▸ **What is required**
With the pictures left out, retype exactly the lines below starting at the line that contains "Мужской аромат Allure Homme Sport реплика" and ending at the line that contains "Winter Wine Tasting Ticket Banner Image".

▸ **Data section**
┌──
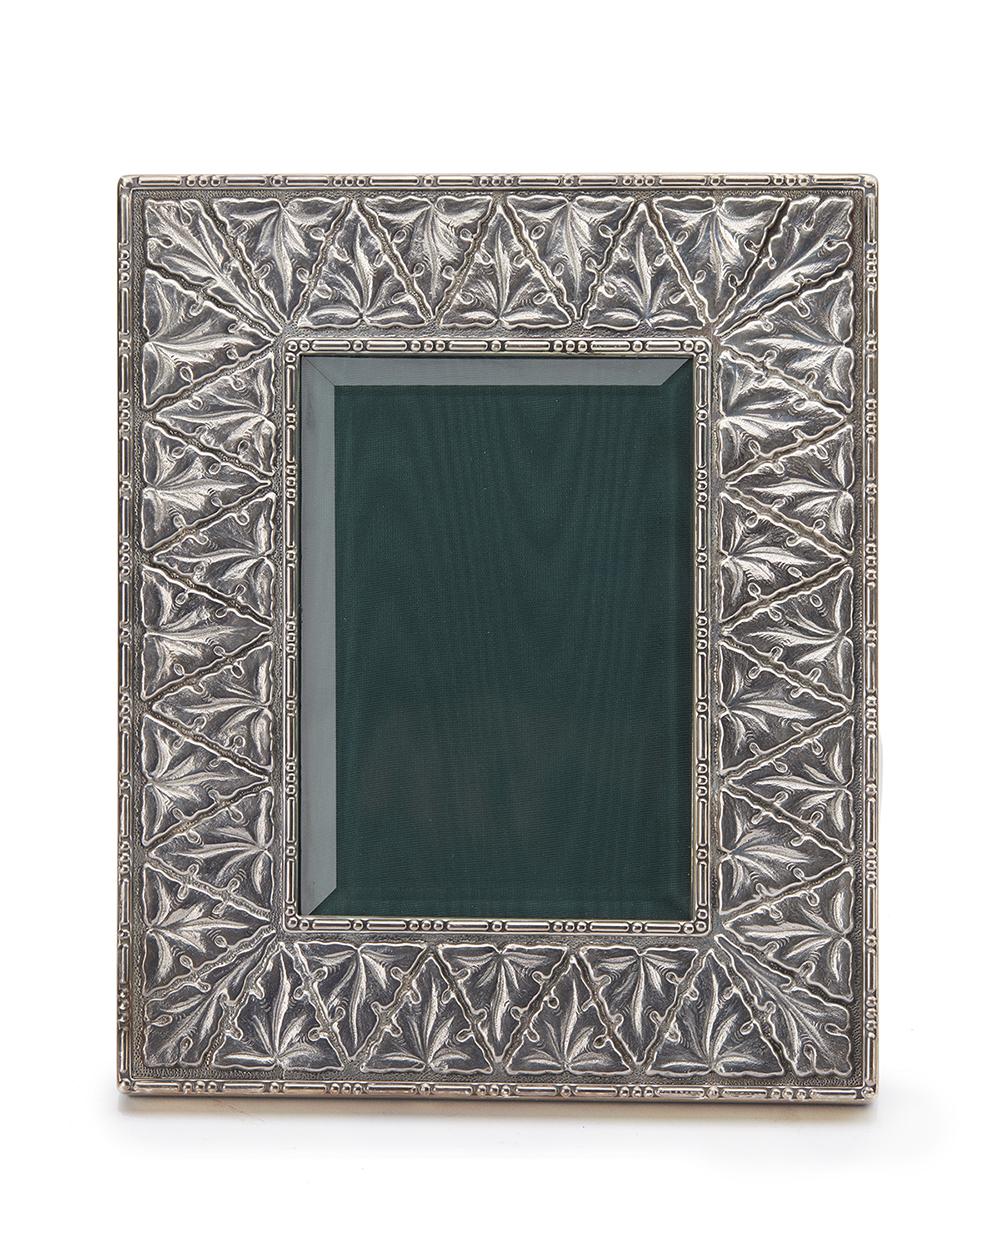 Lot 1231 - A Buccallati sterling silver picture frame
└──
┌──
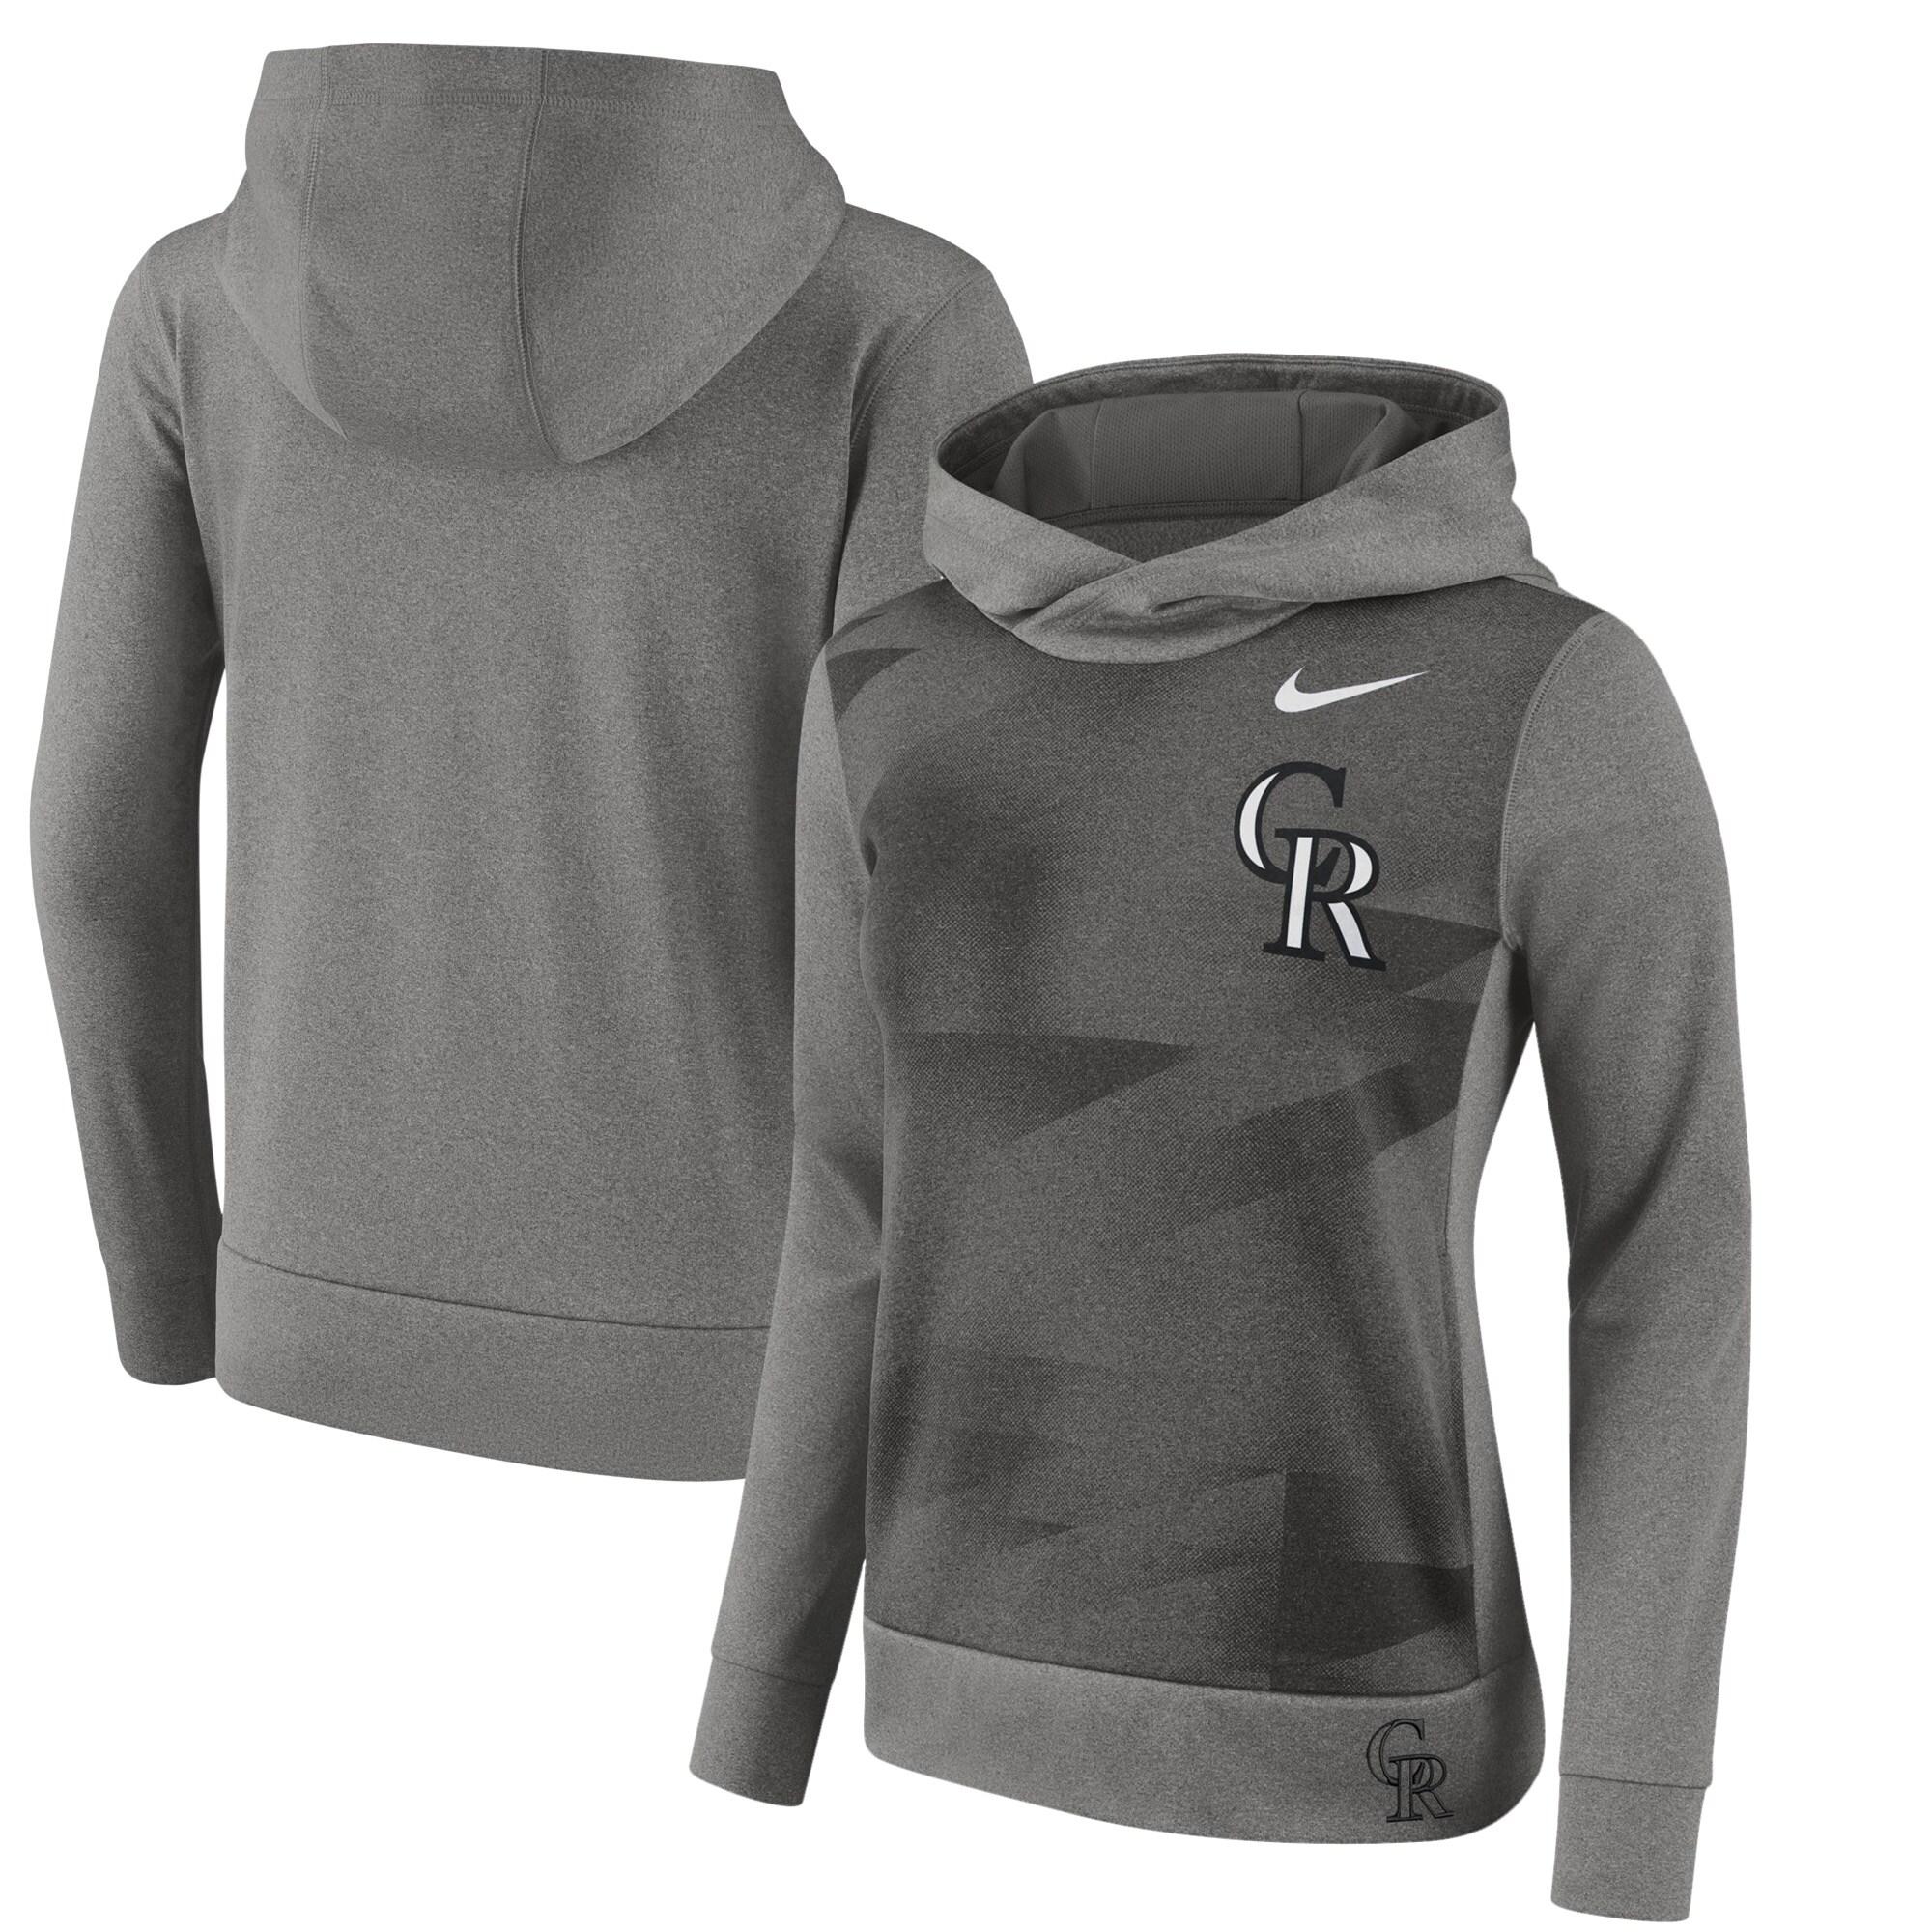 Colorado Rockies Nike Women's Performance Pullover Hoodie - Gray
└──
┌──
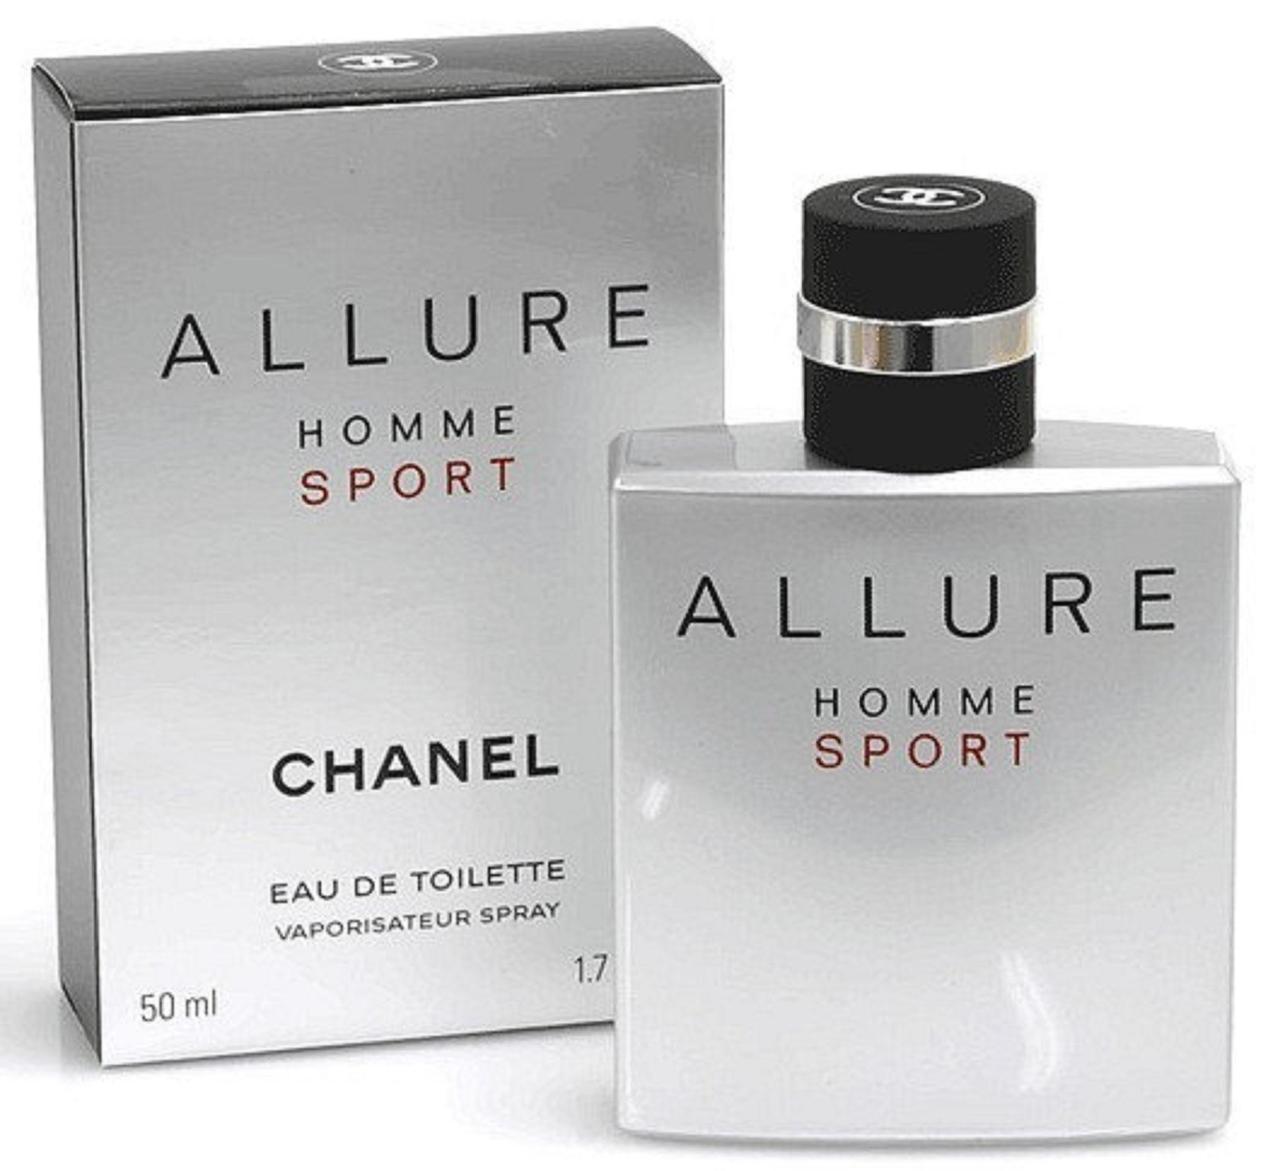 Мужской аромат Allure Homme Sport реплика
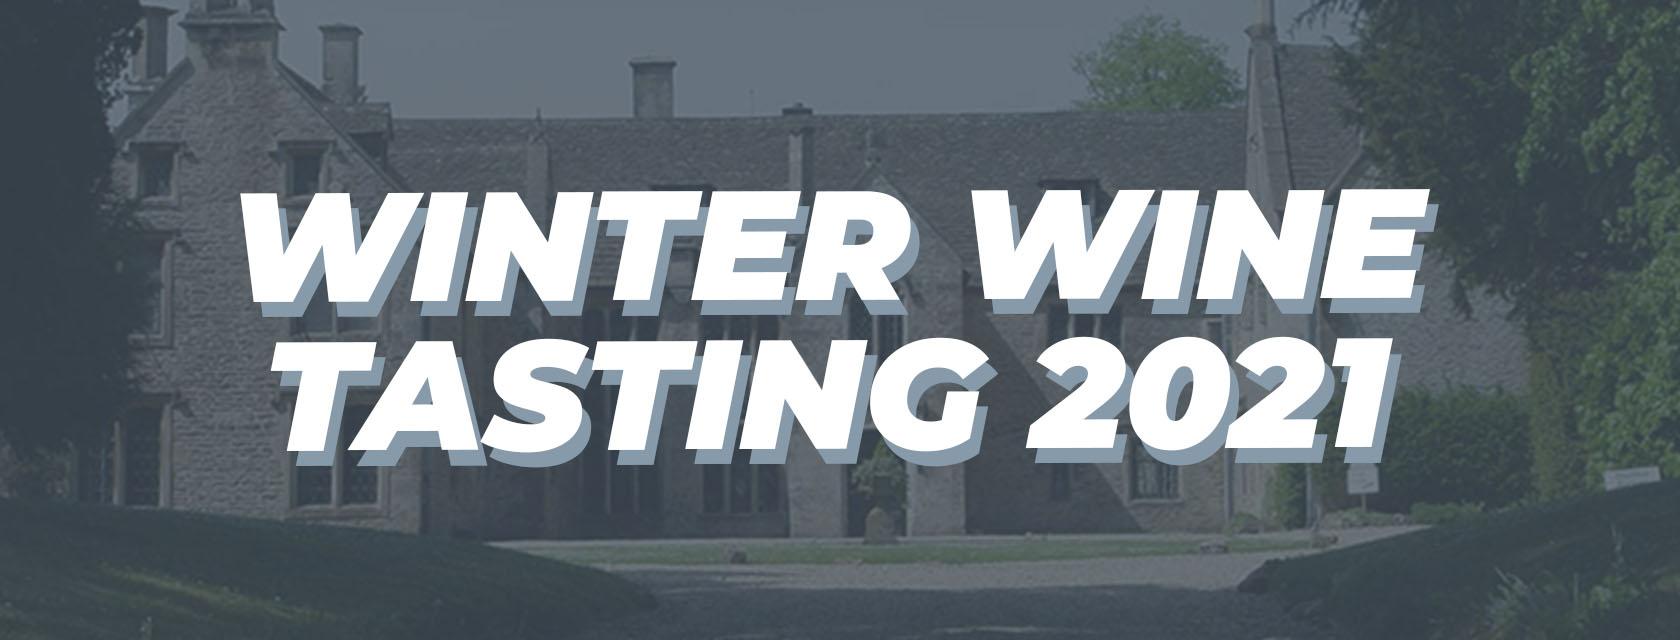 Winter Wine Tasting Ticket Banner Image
└──
▸ **Output below**
 Мужской аромат Allure Homme Sport реплика
 Winter Wine Tasting Ticket Banner Image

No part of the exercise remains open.